WARNER BROS. PRESENTS

 

1. ALL THIS, AND HEAVEN TOO (1940) (1:40)

The important and commanding Warner Bros. fanfare – composed by MAX STEINER in 1937 – opens side two of 50 Years of Warner Bros. Film Music. This Trade Mark theme, used behind hundreds of Warner films, leads into the Main Title for one of Bette Davis’ more opulent period productions.

 

As governess to a nobleman’s children in 19th century France,  Henriette’s (Davis) romance with the duke (Charles Boyer) eventually leads to murder, suicide, and scandal.

 

Steiner’s theme for Henriette is a lovely waltz, introduced in the Main Title and reprised in several moods during the film.

 

2. THE TREASURE OF THE SIERRA MADRE (1948) (4:35)

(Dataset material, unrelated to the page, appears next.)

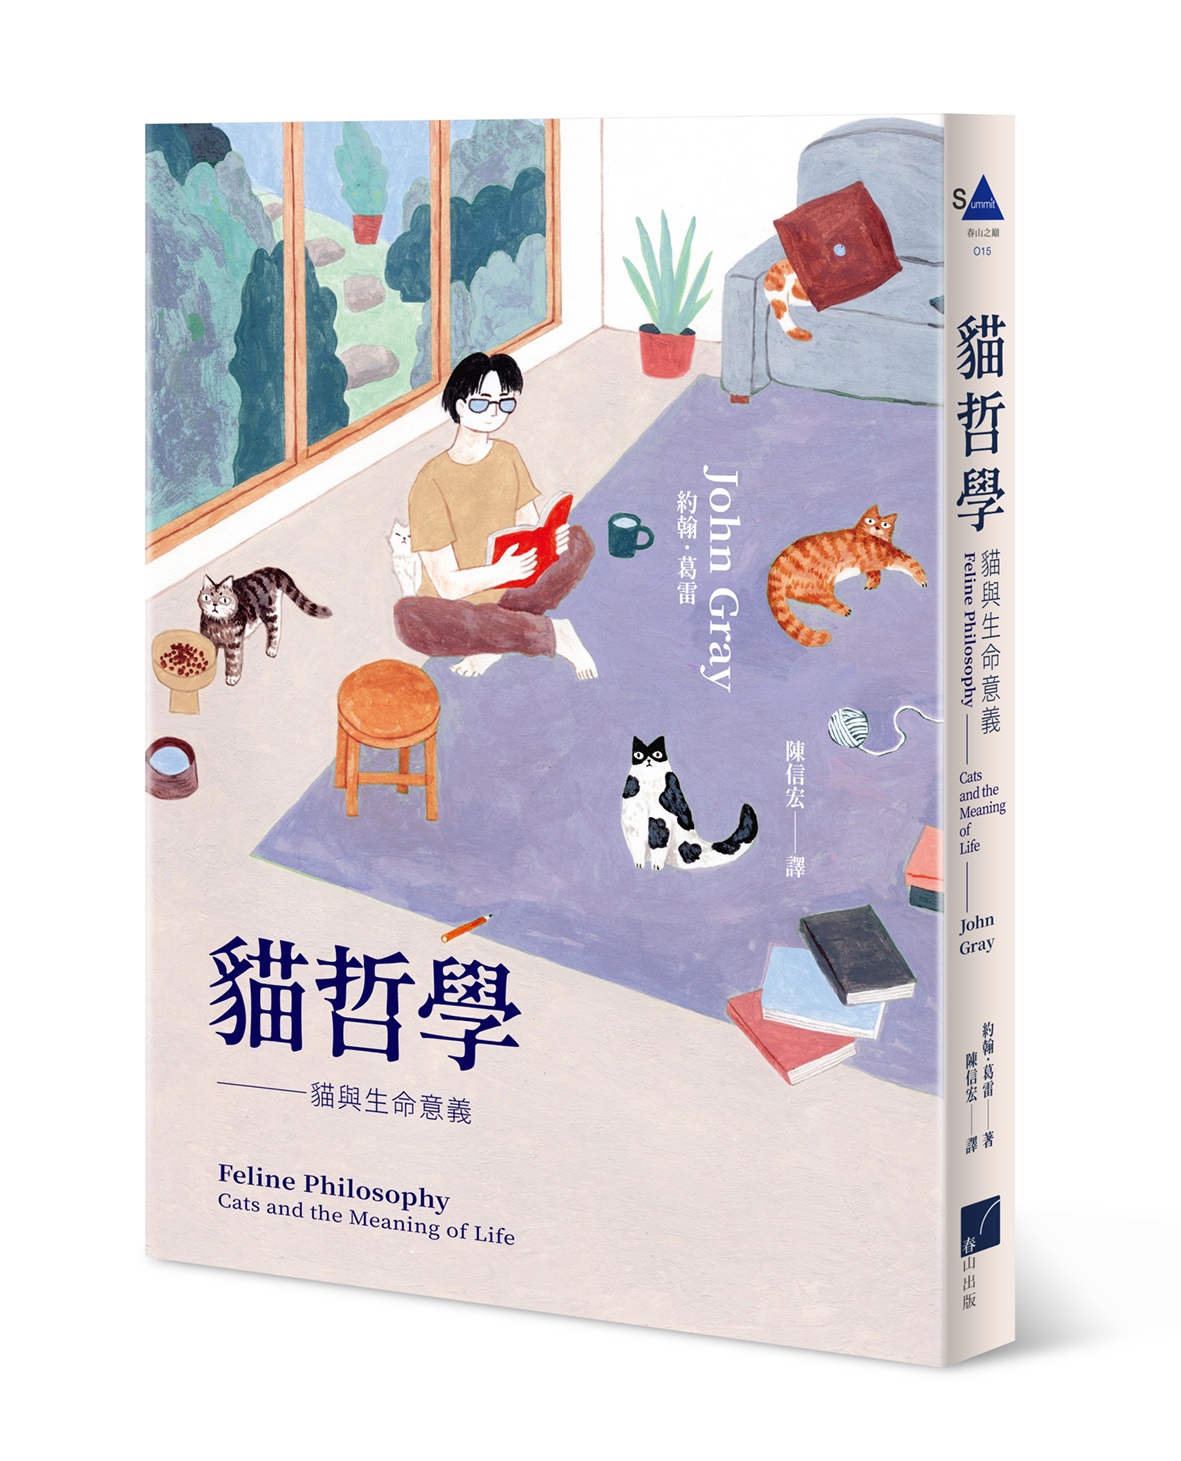 《貓哲學：貓與生命意義》中文版書封。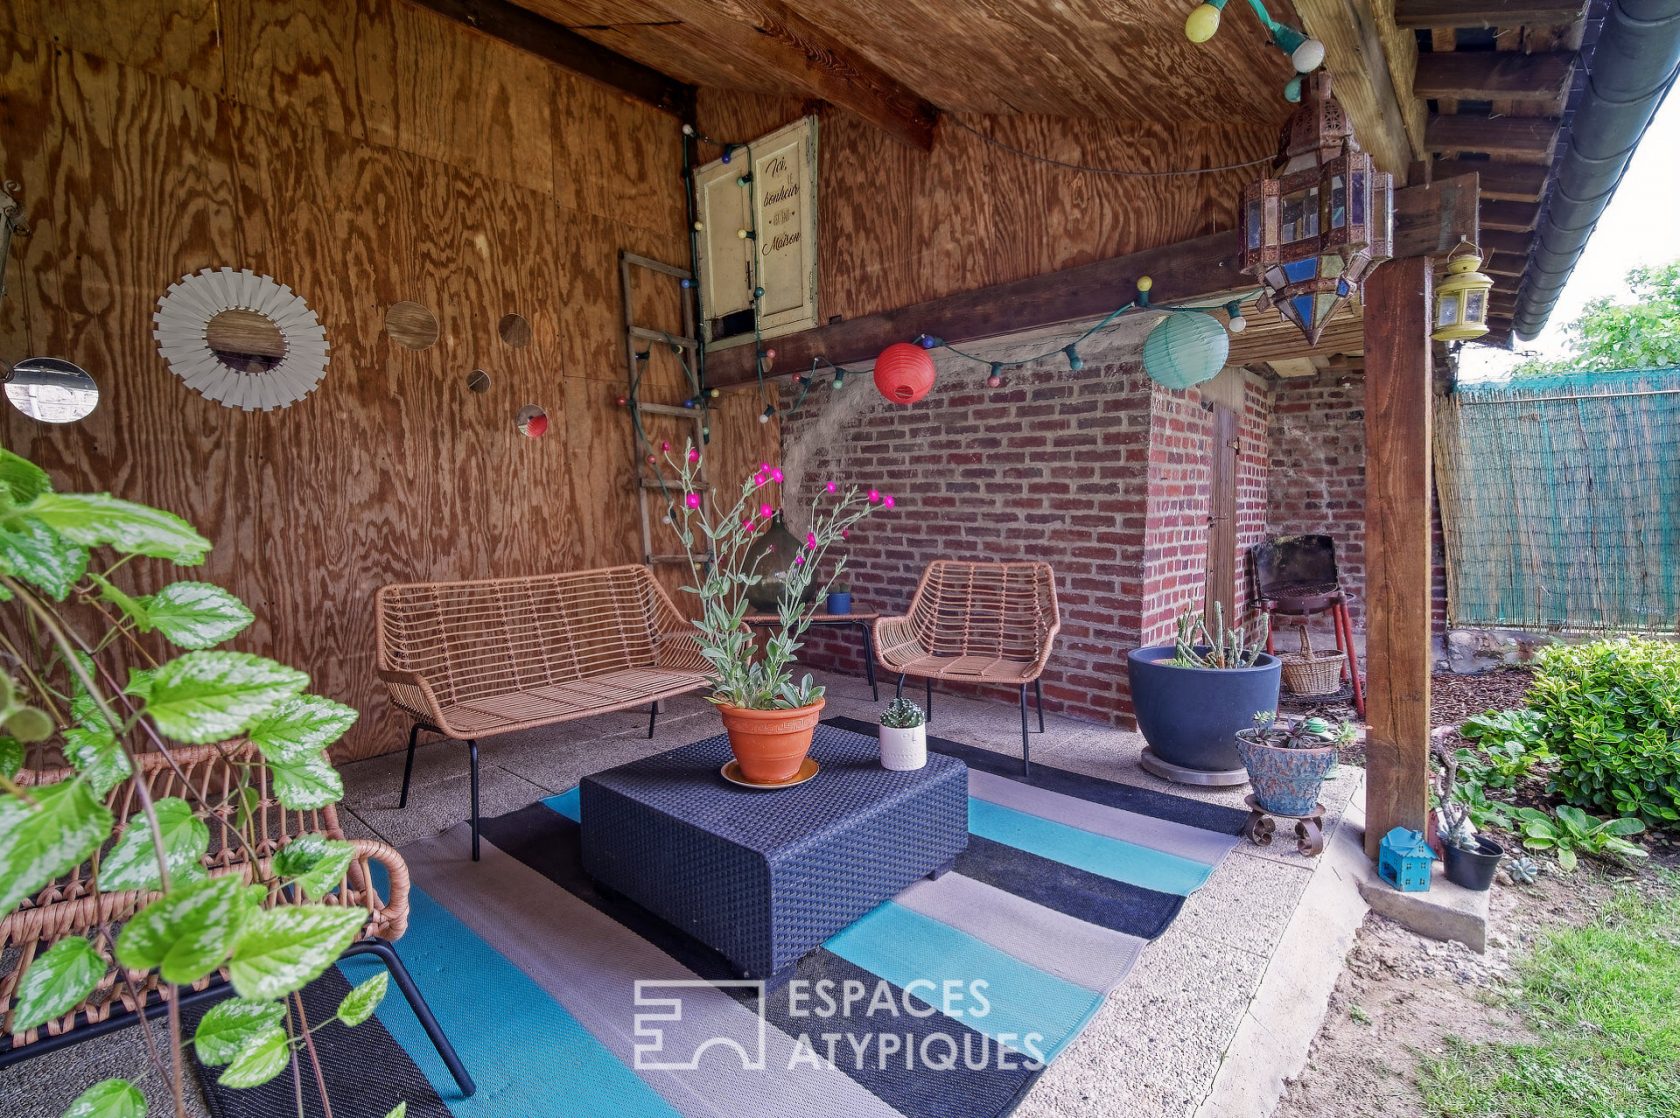 L’Accueillante – Maison bourgeoise rénovée près de Soissons

Once the characters portrayed by Humphrey Bogart, Walter Huston and Tim Holt begin their trek into the mountainous Sierra Madre in Mexico, MAX STEINER introduces his memorable and haunting theme to underline the journey and its participants.

 

The composer’s skill is evident in the way this particular music lends itself to the variety of changes it undergoes as the three men react to the stress, hardship, and psychological tests of the search for and the finding of promised riches.

 

Reflected in the score is Bogart’s increasing paranoiac behavior, which eventually leads to the sardonic ending of this justly famous film.

 

3. NOW, VOYAGER (1942 (1:24)

Bette Davis admirers vary in what they consider to be their favorite Davis film but usually a listing of the top three vehicles includes NOW, VOYAGER.

 

Despite its unabashed soap opera plot and characters, there is a perennial appeal to the story of the repressed an mother-dominated ugly duckling (Davis) who changes into a lovely lady and finds the perfect man (Paul Henreid) – charming, sensitive, romantic, European, and apparently pretty well off. But he’s married and can never divorce his wife. The picture ends with a final scene of unfulfilled love.

 

MAX STEINER’S extremely popular theme for the frustrated lovers underscores an idyllic interlude in South America during a voyage, when the two first discover their love and their plight. The score won for Steiner the second of three Academy Awards.

 

4. ADVENTURES OF DON JUAN (1948) (5:55)

MAX STEINER composed one of his major scores for another fine Flynn swashbuckling epic.

 

Variations on primary themes are heard in the selections on this recording. The Don Juan motif, featured initially in the Main Title, is sometimes exuberant, sometimes stately, dashing, sad or reflective, and works beautifully for any mood. It contrasts suitably with a serenade, used throughout the film to accompany the legendary character’s balcony climbings and lighter romantic escapades.

 

5. THE NUN’S STORY (1959) (3:04)

THE NUN’S STORY is a rare and totally successful attempt to make a serious film of the religious life. The masterful Fred Zinnemann directed the story of a young, independent and self-willed Belgian girl (Audrey Hepburn) who mistook a desire to nurse the sick for a religious vocation and joined a nursing order of nuns.

 

Through perseverance she finishes her training and eventually goes to the Congo where her work is to assist a surgeon (Peter Finch). Sister Luke is continually plagued by her inner conflict, and after seventeen years is officially released from her vows.

 

Filmed in Rome, the Congo, and Brussels, THE NUN’S STORY is still a superlative film which benefits enormously from FRANZ WAXMAN’S intelligent and moving score. The Main Title music, featured here, sets the scene for the drama to come.

 

6. SAYONARA (1957) (2:24)

SAYONARA is the MADAME BUTTERFLY of the Korean War. Based on James Michener’s novel and photographed to a large extent on location in Japan, the film is beautifully complemented by FRANZ WAXMAN’S sensitive and tasteful score.

 

Waxman weaves IRVING BERLIN’S title song (written for an aborted Broadway musical on the subject) with a secondary theme of his own for the character played by Miyoshi Umeki, who, in desperation, commits suicide when she becomes pregnant and cannot go the America with her Army husband (Red Buttons).

 

Marlon Brando portrays an American air ace who overcomes his prejudices and falls in love with and later marries a beautiful Japanese actress-dancer (Miiko Taka).

 

7. A STREETCAR NAMED DESIRE (1951) (1:42)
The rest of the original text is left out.